=== Section Start ===

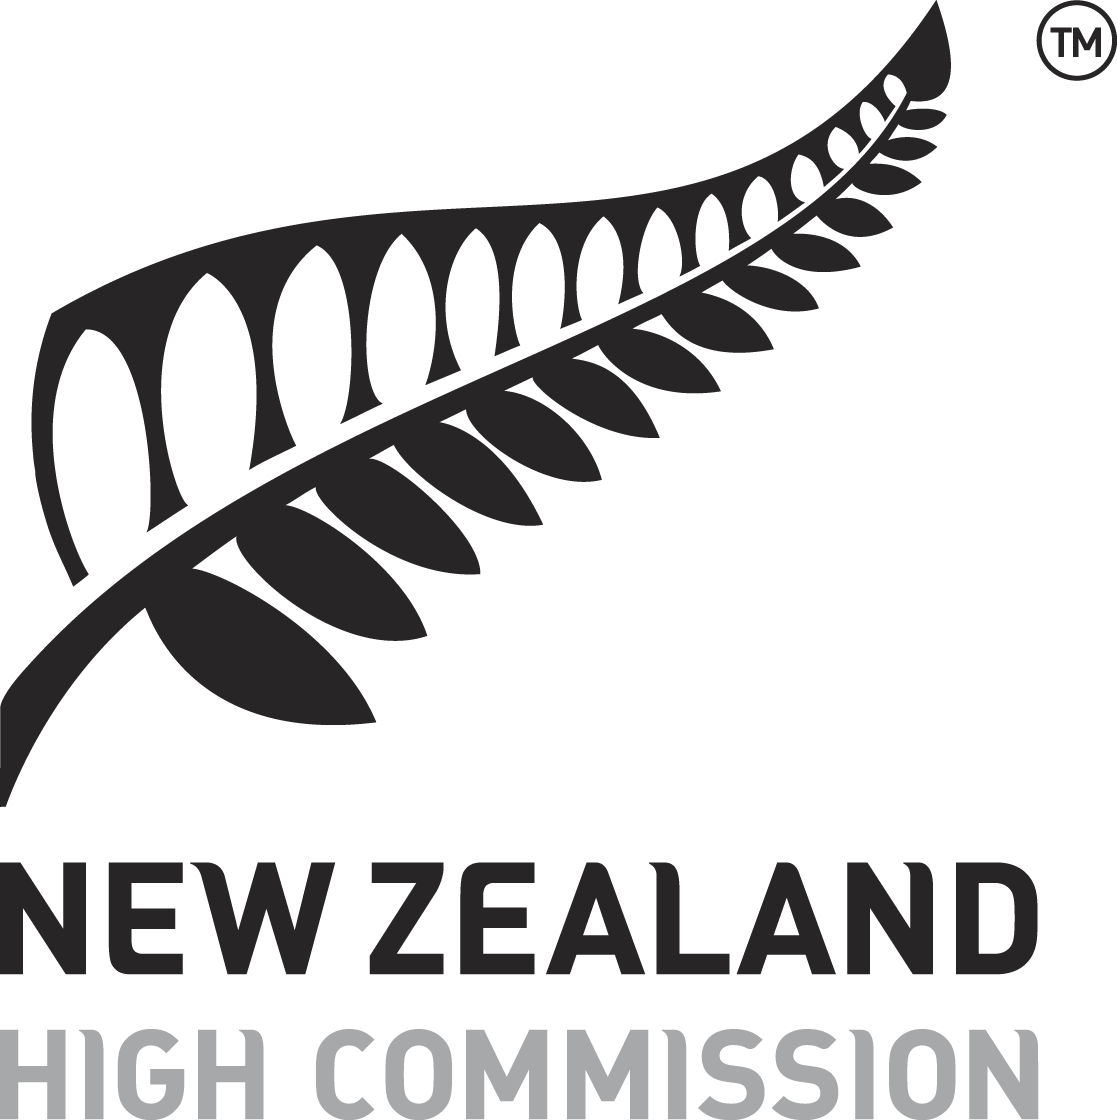 Logos new zealand ministry. Fern clipart fern nz
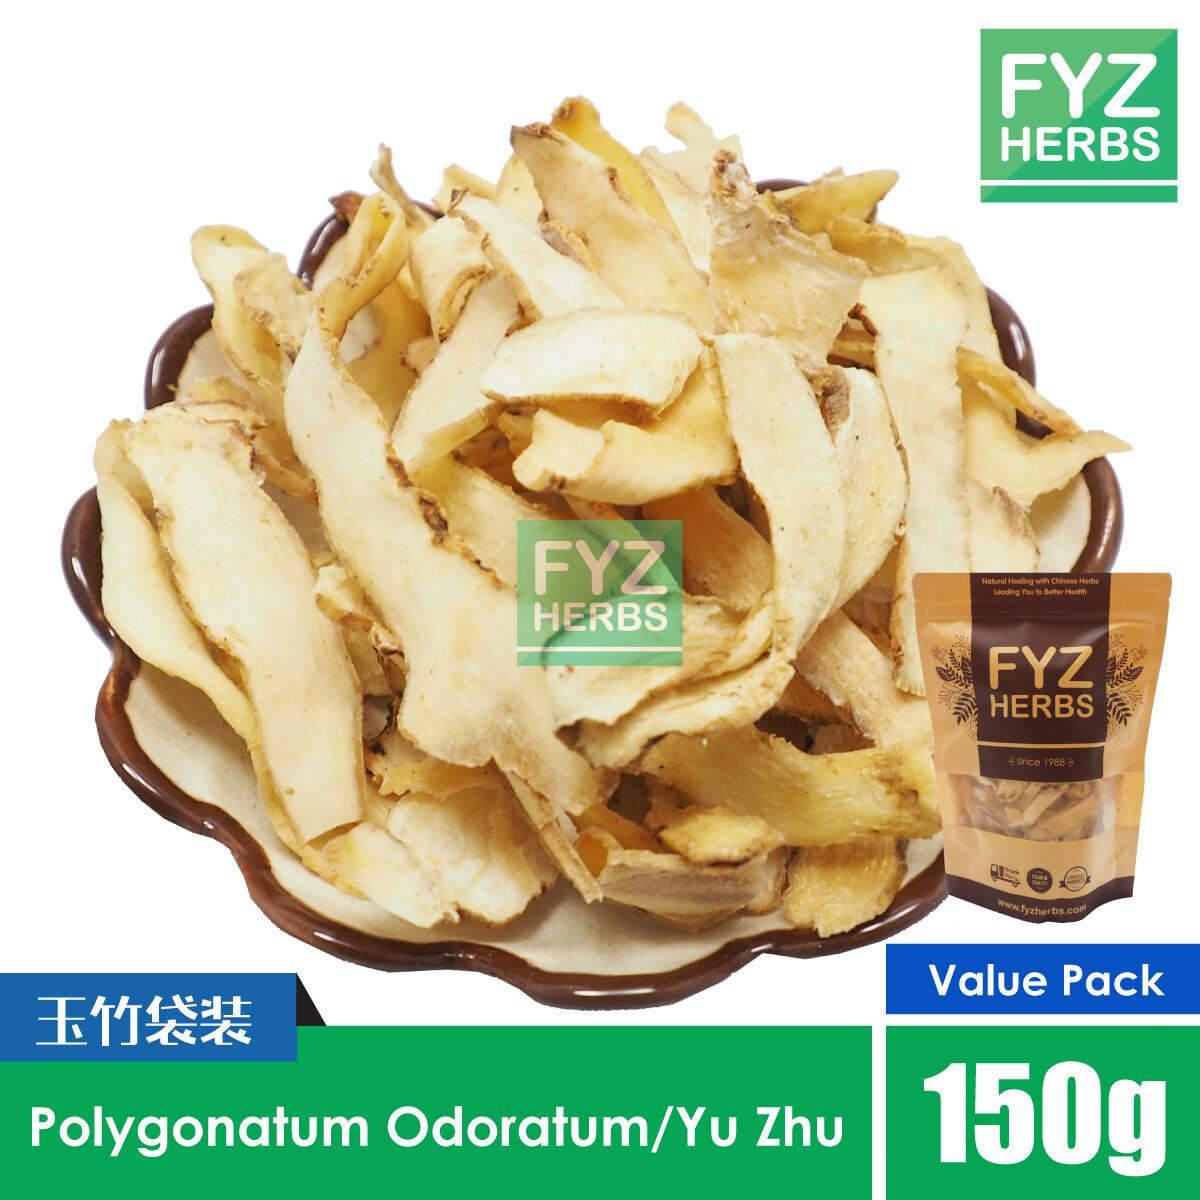 FYZ Herbs Polygonatum Odoratum Yu Zhu 150g [Value Pack] 玉竹袋装 150g
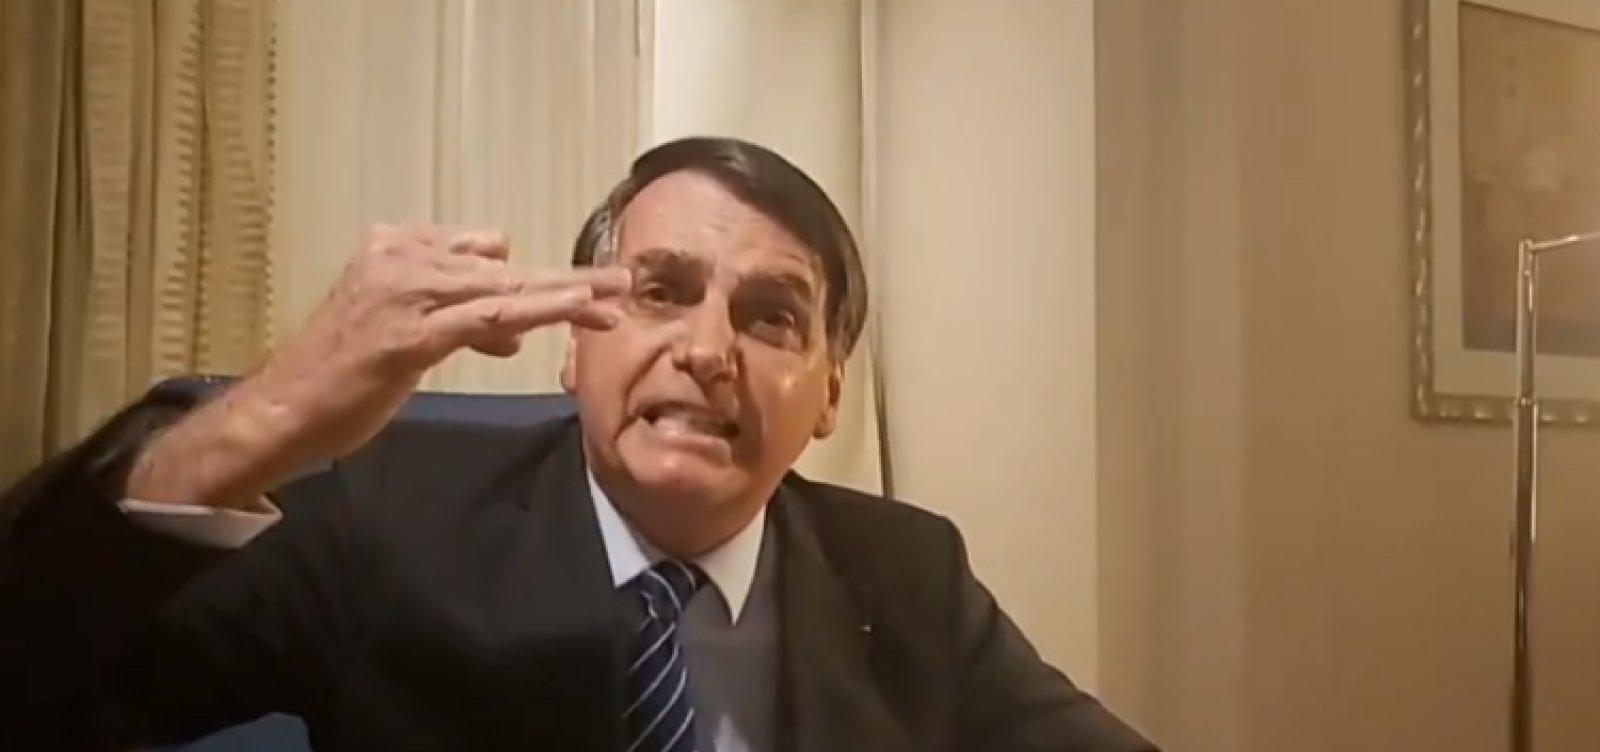 [Após matéria do caso Marielle, Bolsonaro ataca Globo e Witzel ]

=== Section End ===

WORK TASK :: From the line containing "FYZ Herbs Polygonatum" to the last line of the listing above, transcribe each line exactly, skipping the pictures.

RESULT ::
 FYZ Herbs Polygonatum Odoratum Yu Zhu 150g [Value Pack] 玉竹袋装 150g
 [Após matéria do caso Marielle, Bolsonaro ataca Globo e Witzel ]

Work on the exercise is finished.